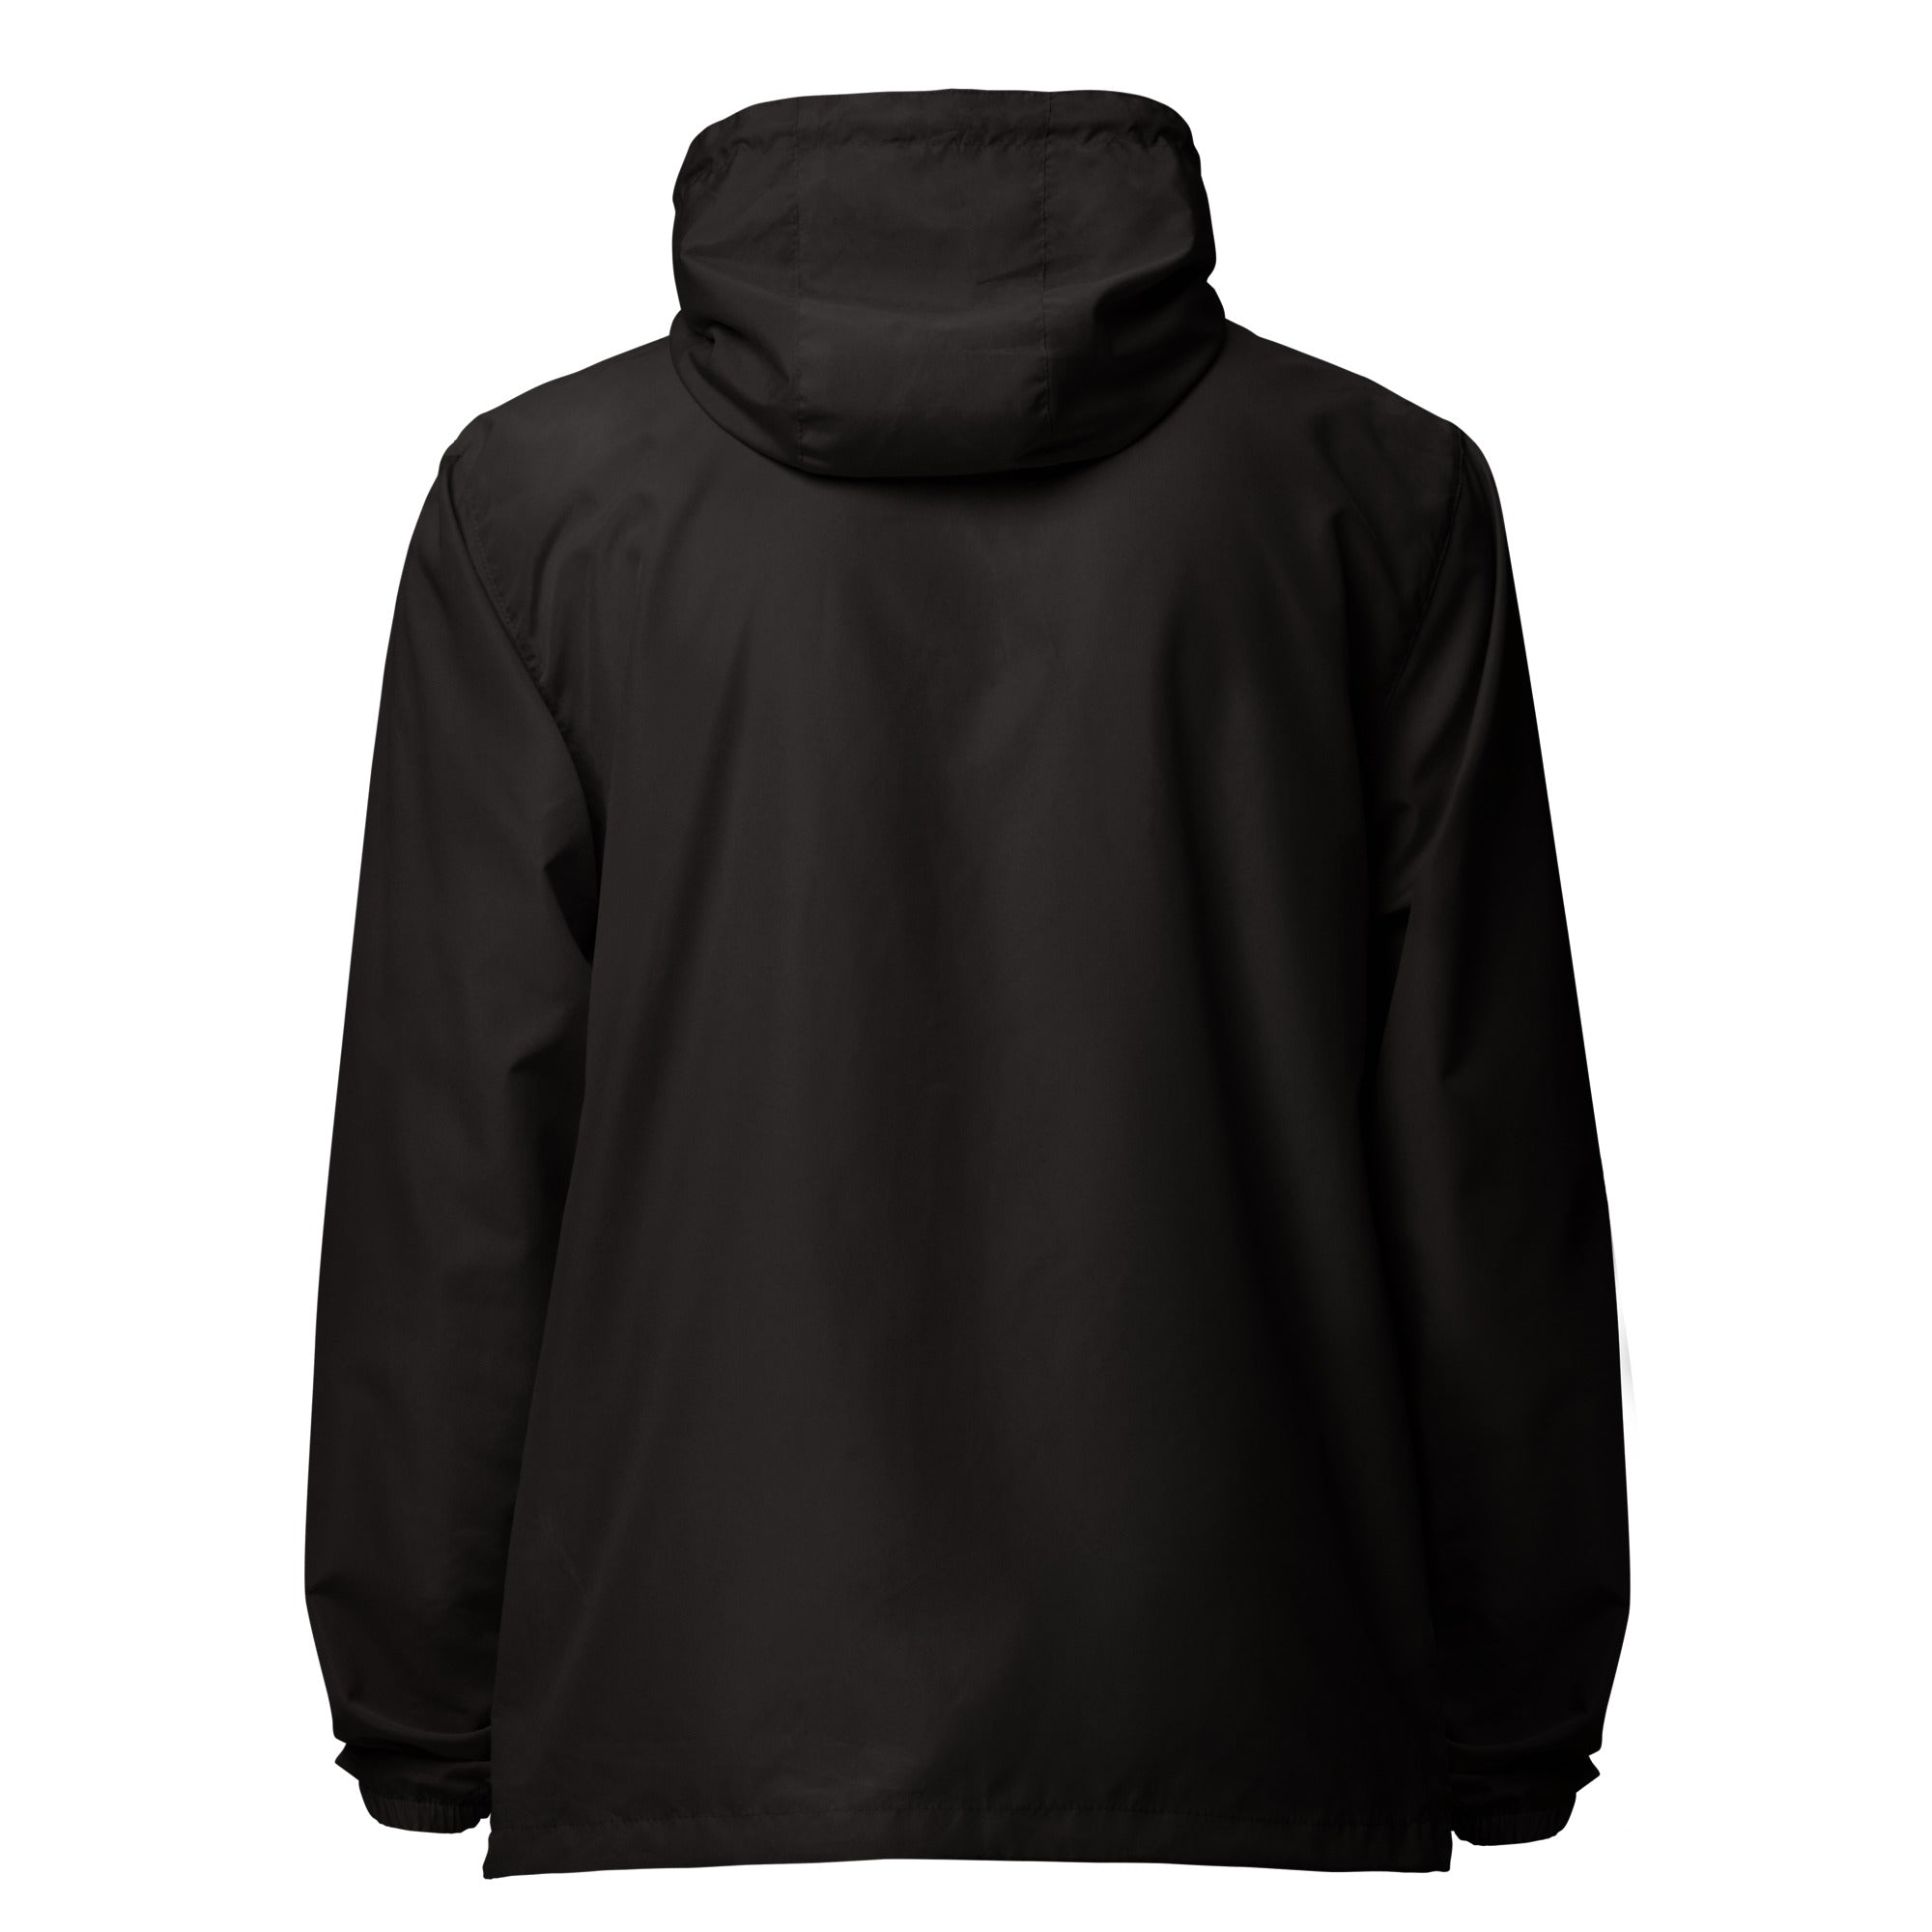 PersonalHour - Unisex lightweight zip up windbreaker - Yoga Top - Personal Hour for Yoga and Meditations 
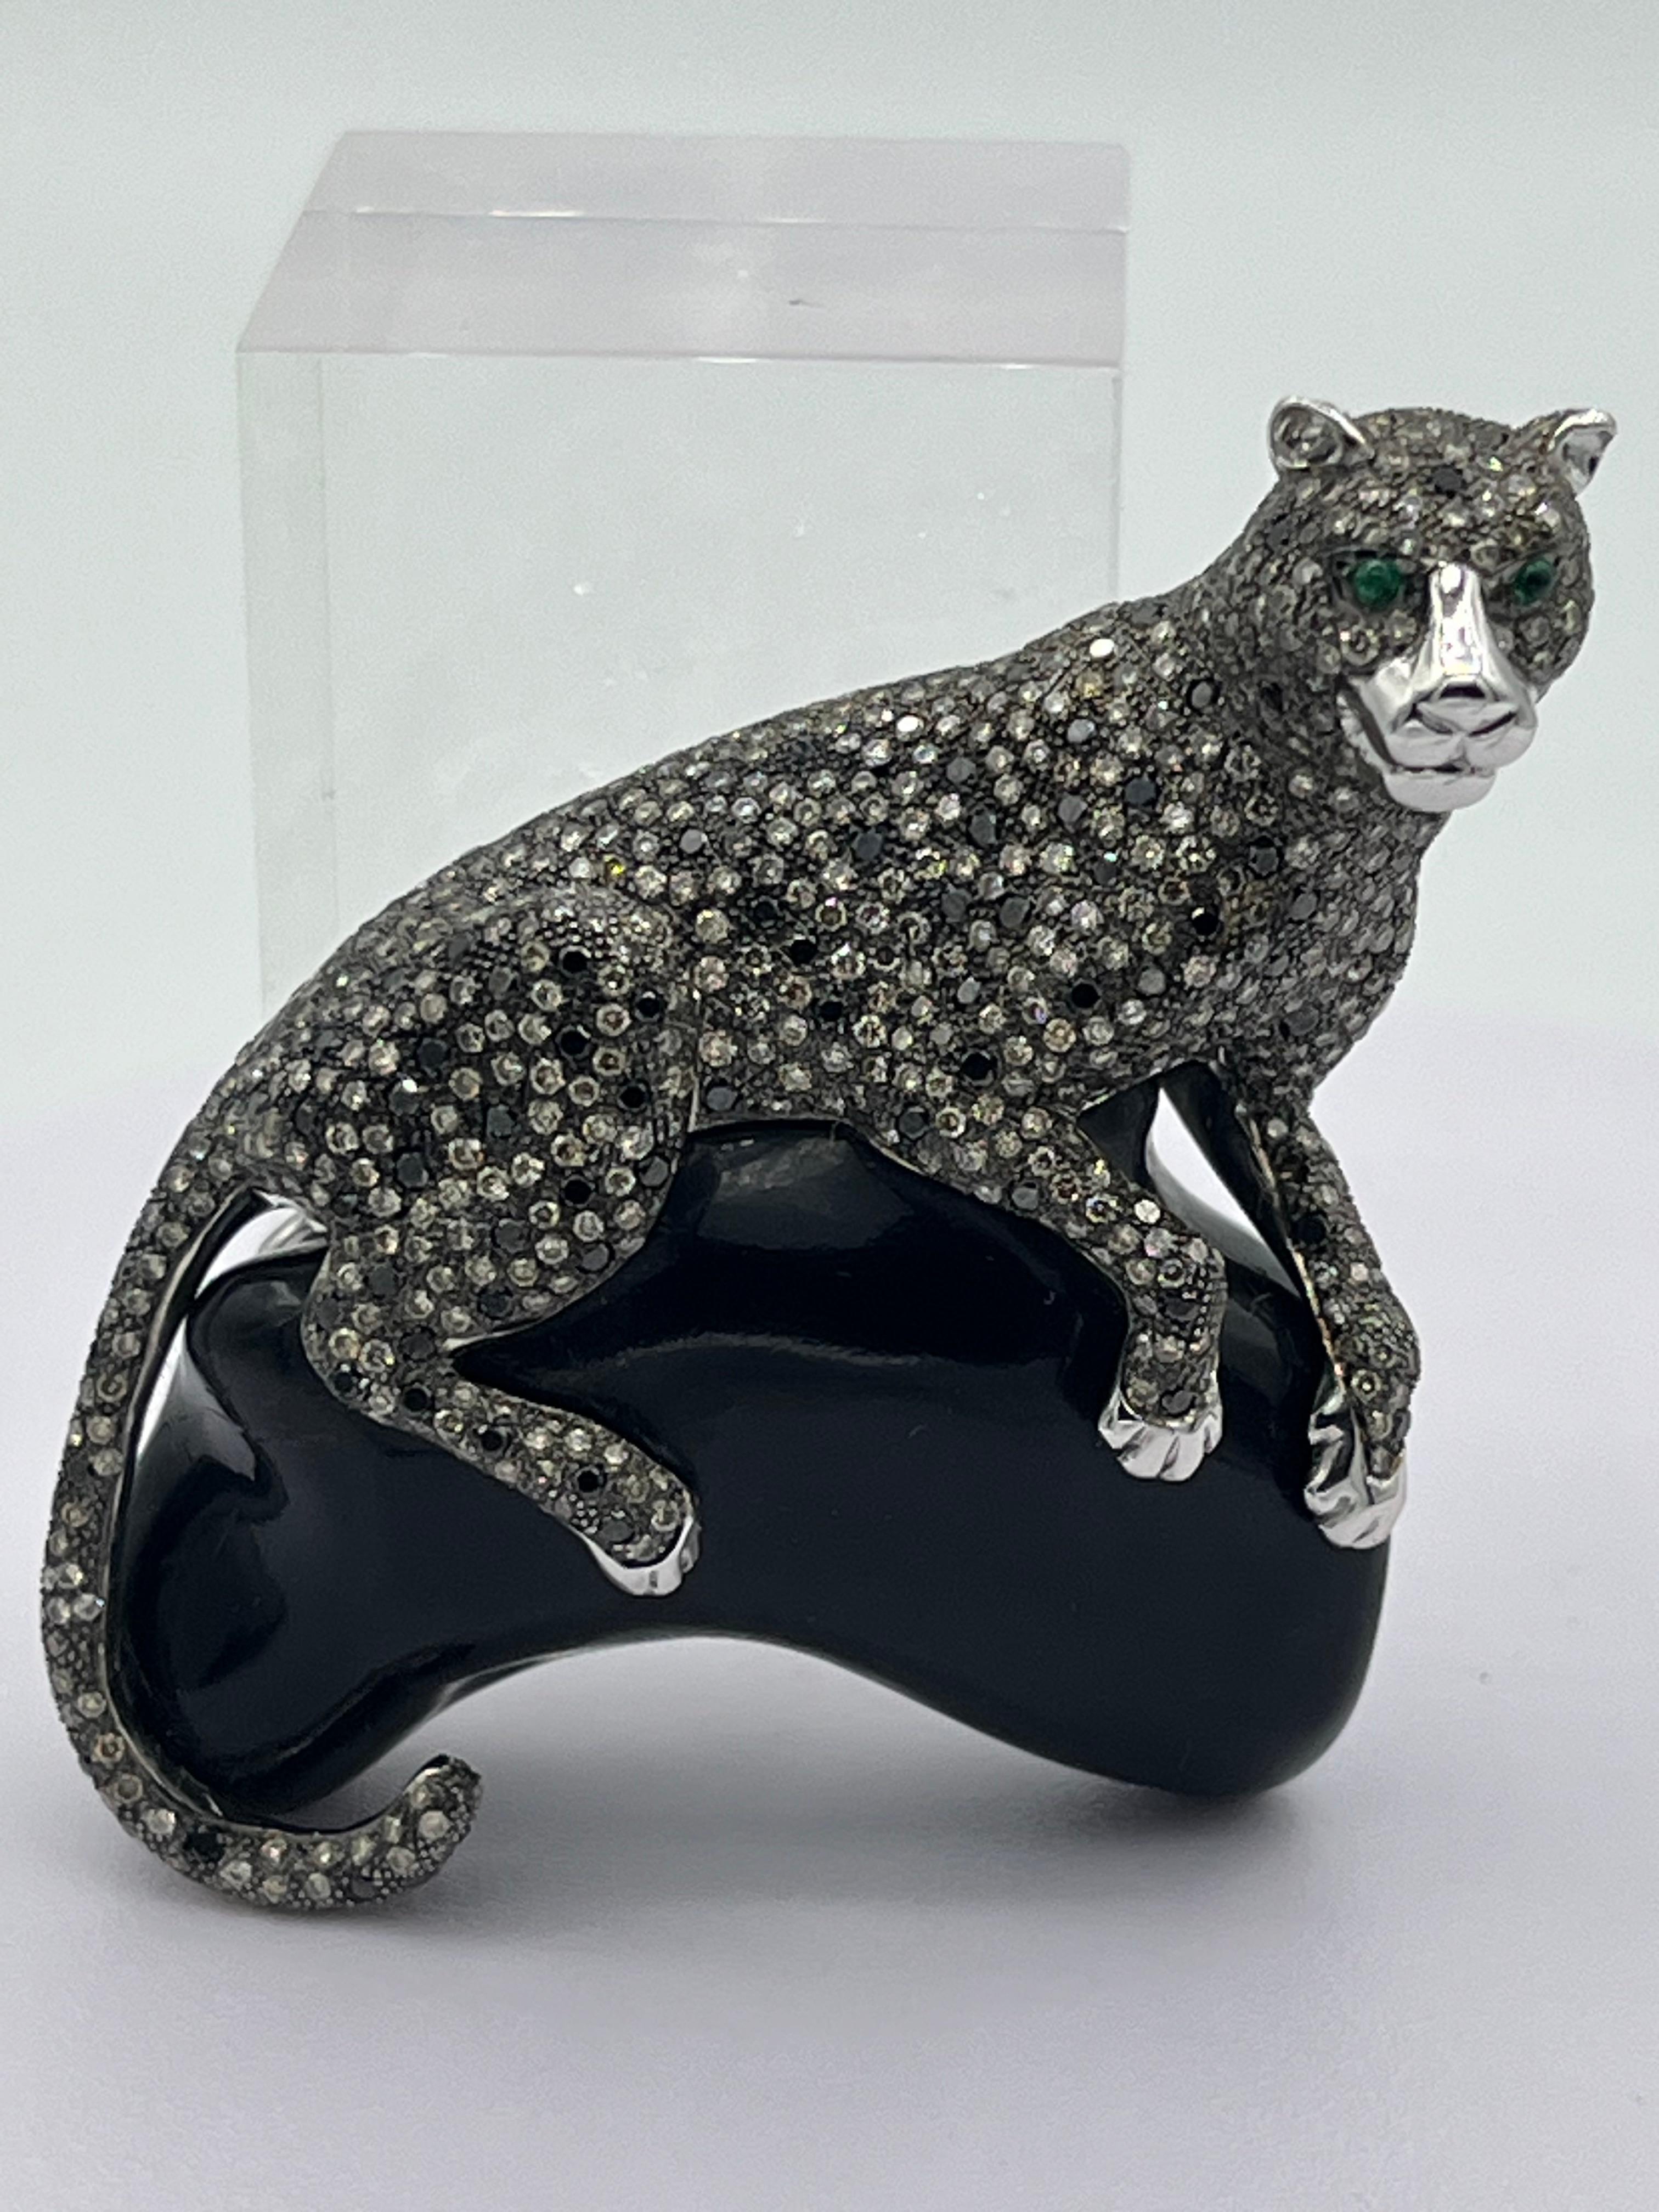 This brooch are beautiful the panther is sitting on a black stone, the panther is set with 5,53 ct brown and 1,15 ct black diamonds . the eyes are 0,05 ct emerald
the size is ca. 6 x 5,5 cm
weight is 54,4 grams
hallmarked 750 
it is white gold
********************
**Task to complete**.
Excluding the pictures, reproduce every entry exactly as given.

**Solution for this task**.
 PersonalHour - Unisex lightweight zip up windbreaker - Yoga Top - Personal Hour for Yoga and Meditations 
 This brooch are beautiful the panther is sitting on a black stone, the panther is set with 5,53 ct brown and 1,15 ct black diamonds . the eyes are 0,05 ct emerald
the size is ca. 6 x 5,5 cm
weight is 54,4 grams
hallmarked 750 
it is white gold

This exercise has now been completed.